Characterization of well-established GEMMs at SC resolution108 and compendiums of mouse SC transcriptomic data have facilitated the identification of genes with similar murine and human expression profiles109, ligand–receptor interactions across all cell types in a microenvironment of syngeneic mouse models110, and similarities across murine–human cell populations or subpopulations in lung cancer18 (Supplementary Fig. 2). Similarly, recent SC studies revealed mechanisms underlying chemotherapy-induced ototoxicity after comparing healthy and cisplatin-exposed mice111, as well as mechanisms of ICI-induced liver injury following comparisons of treated versus untreated mice95.

A growing number of public SC data sets, representing models of interest, healthy and diseased human donors, are enabling researchers to better assess translatability18,109,112 (Table 1).

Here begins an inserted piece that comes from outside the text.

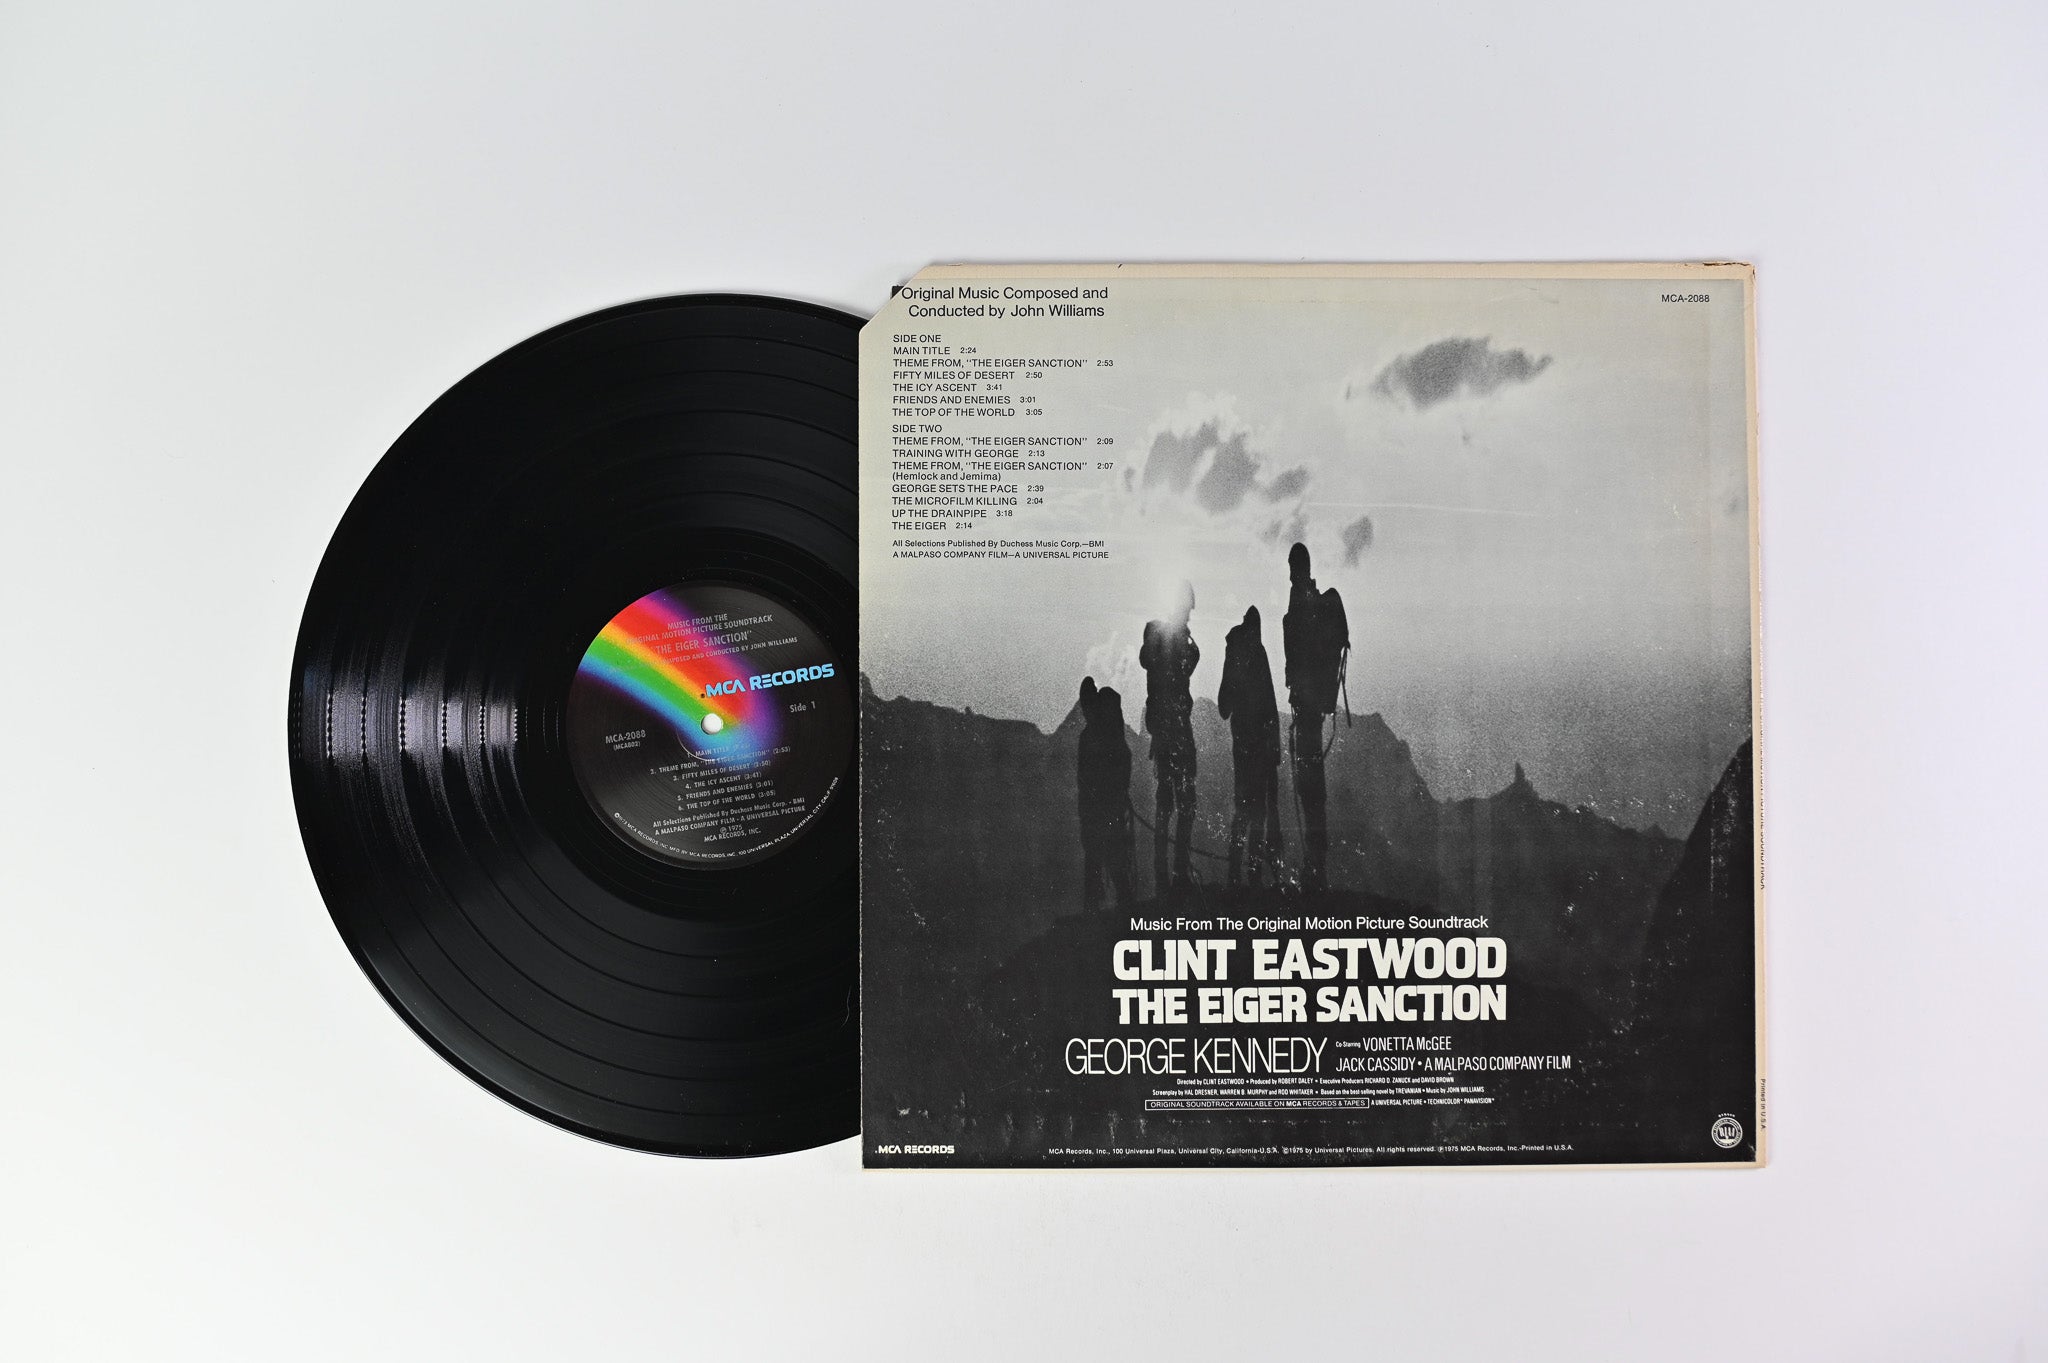 John Williams - The Eiger Sanction (Music From The Original Motion Picture Soundtrack) on MCA Records

Table 1 Examples of publicly available single-cell data sets and their applications in different phases of drug discovery

Drug screening and MoA analysis

High-throughput screening (HTS) in drug discovery is traditionally performed using coarse (cell viability or proliferation) or highly specific (marker expression) readouts. If a more unbiased phenotypic assessment is chosen, using bulk assessments such as RNA-seq assumes that all cells in the assay behave similarly. In comparison with bulk RNA-seq, SC transcriptomics offers more detailed views of the responding cell types, and the corresponding cell-type-specific changes (pathway, off-target effects, dose–response profiles), allowing for separation of confounding factors such as cell cycles. Therefore, HTS approaches have recently been combined with scRNA-seq readouts. Standard HTS tests a much larger number of compounds but typically at a single dose and under very limited biological conditions, whereas the novel HTS approaches that use SC gene expression readouts test several doses and conditions at the same time and are well adapted for drug MoA studies (Fig. 4).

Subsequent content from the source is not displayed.